The soils in Linden are developed from granite, granite gneiss, greenstone and chloritic schist. The terrain ranges from rolling to steep landscapes that are dissected by Goose Creek and its tributaries that feed from runs and springs from the east side of the Blue Ridge Mountains. The rolling uplands contain soils that are loamy to silty and can be shallow to bedrock. On the steeper upland sections the soils are loamy with stones and rock outcrops evident on the surface.
In 1669 the “official” discovery of the Shenandoah Valley was credited to John Lederer and John Catlett at the present day site of Linden. The discovery and mapping of the area helped to open the area for further settlement. A marker at the intersection of VA 55 and VA 638 in Linden help commemorate this event.

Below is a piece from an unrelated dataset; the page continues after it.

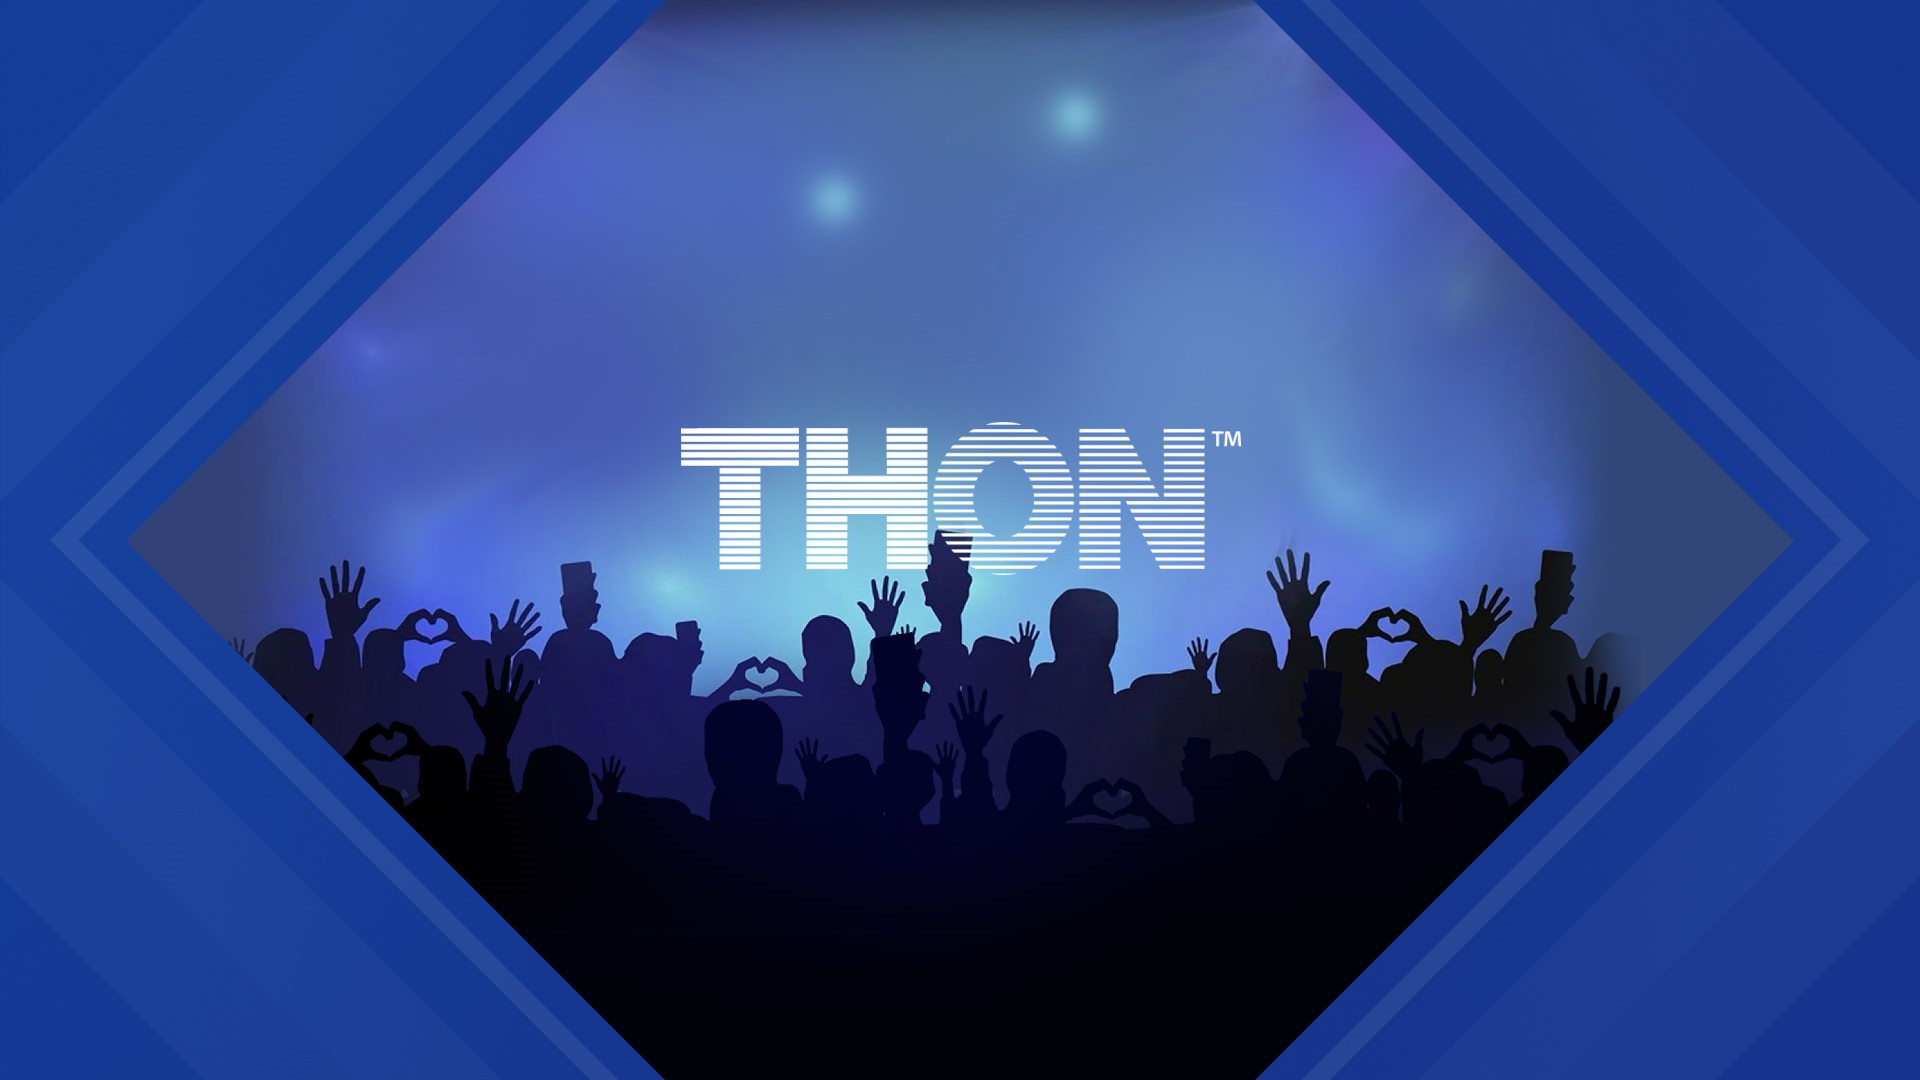 THON participants ready to lace up dancing shoes

From the mid-18th century to the 1950s, the Linden area was home to 25 Apple Orchards. The Linden Methodist Church was built in 1842 and numerous buildings still exist dating from the 19th century. In November 1954, tragedy struck the Linden church. A fire thought to be the caused by a faulty pipe in the wood burning stove, destroyed the beautiful 62 year old wooden structure. Its towering steeple and bell had long been an iconic landmark in the community. The Front Royal Fire Department courageously fought the blaze for four hours before it was squelched. Several heroic men in the Linden community, including Rev. B. L. Lock entered the burning building to salvage the church's antique pulpit, pews and bible. All were relics from a church building that had previously served the congregation.
The fire revealed several graves beneath the church's stone foundation making it very difficult to rebuild at the same site. Therefore, the congregation decided to relocate the Linden church next to the parsonage, on the opposite side of Highway 55. In December 1955, the ground breaking ceremony for the new Linden church at its current location took place. When completed, the new church was furnished with the pulpit and pews that had been rescued from the flames.
The relative ease settlers of crossing the Blue Ridge at the gap also allowed Linden to serve as a point of transit for the armies of both the Union and Confederate States during the United States Civil War. Linden was part of "Mosby's Confederacy" and served as rallying and rest points for the Confederate Rangers Mosby's Rangers under Colonel John S. Mosby. Numerous locations illustrating the daring and tenacity of the band are a short drive from Linden.
Battle of Manassas Gap
A small battle and postscript to the Confederate Gettysburg campaign, the Battle of Manassas Gap occurred a half mile from Linden on July 23, 1863. After retreating across the Potomac River at Williamsport, Maryland, Lee's Army of Northern Virginia withdrew up the Shenandoah Valley. George G. Meade's Army of the Potomac crossed the river east of the Blue Ridge Mountains and followed Lee into Virginia. On July 23, Meade ordered the III Corps, under Maj.Gen. William H. French, to cut off the retreating Confederate columns at Front Royal, Virginia, by forcing passage through Manassas Gap. At first light, French began slowly pushing Brig.Gen. James A. Walker's Confederate brigade (the Stonewall Brigade, part of Maj.Gen. Richard H. Anderson's division) back into the gap. About 4:30 p.m., a strong Union attack drove Walker's men until they were reinforced by Robert E. Rodes's division and artillery. By dusk, the poorly coordinated Union attacks were abandoned. During the night, Confederate forces withdrew into the Luray Valley. On July 24, the Union army occupied Front Royal, but Lee's army was safely beyond pursuit.
The community is mostly a bedroom community with subdivisions known as High Knob, Apple Mountain Lake, and Blue Mountain. It has two gas stations, three stores, and a restaurant, as well as its own post office with zip code 22642 It is home to the Saint Dominics Monastery, Appalachian Trail access points, along with the G. Richard Thompson Wildlife Management Area.
A primary Applachian Trail Access is on Tuckers lane off of Route 55 the John Marshall Highway. Turn onto Tuckers Lane from John Marshall Highway and go under I-66 to the parking area on your right.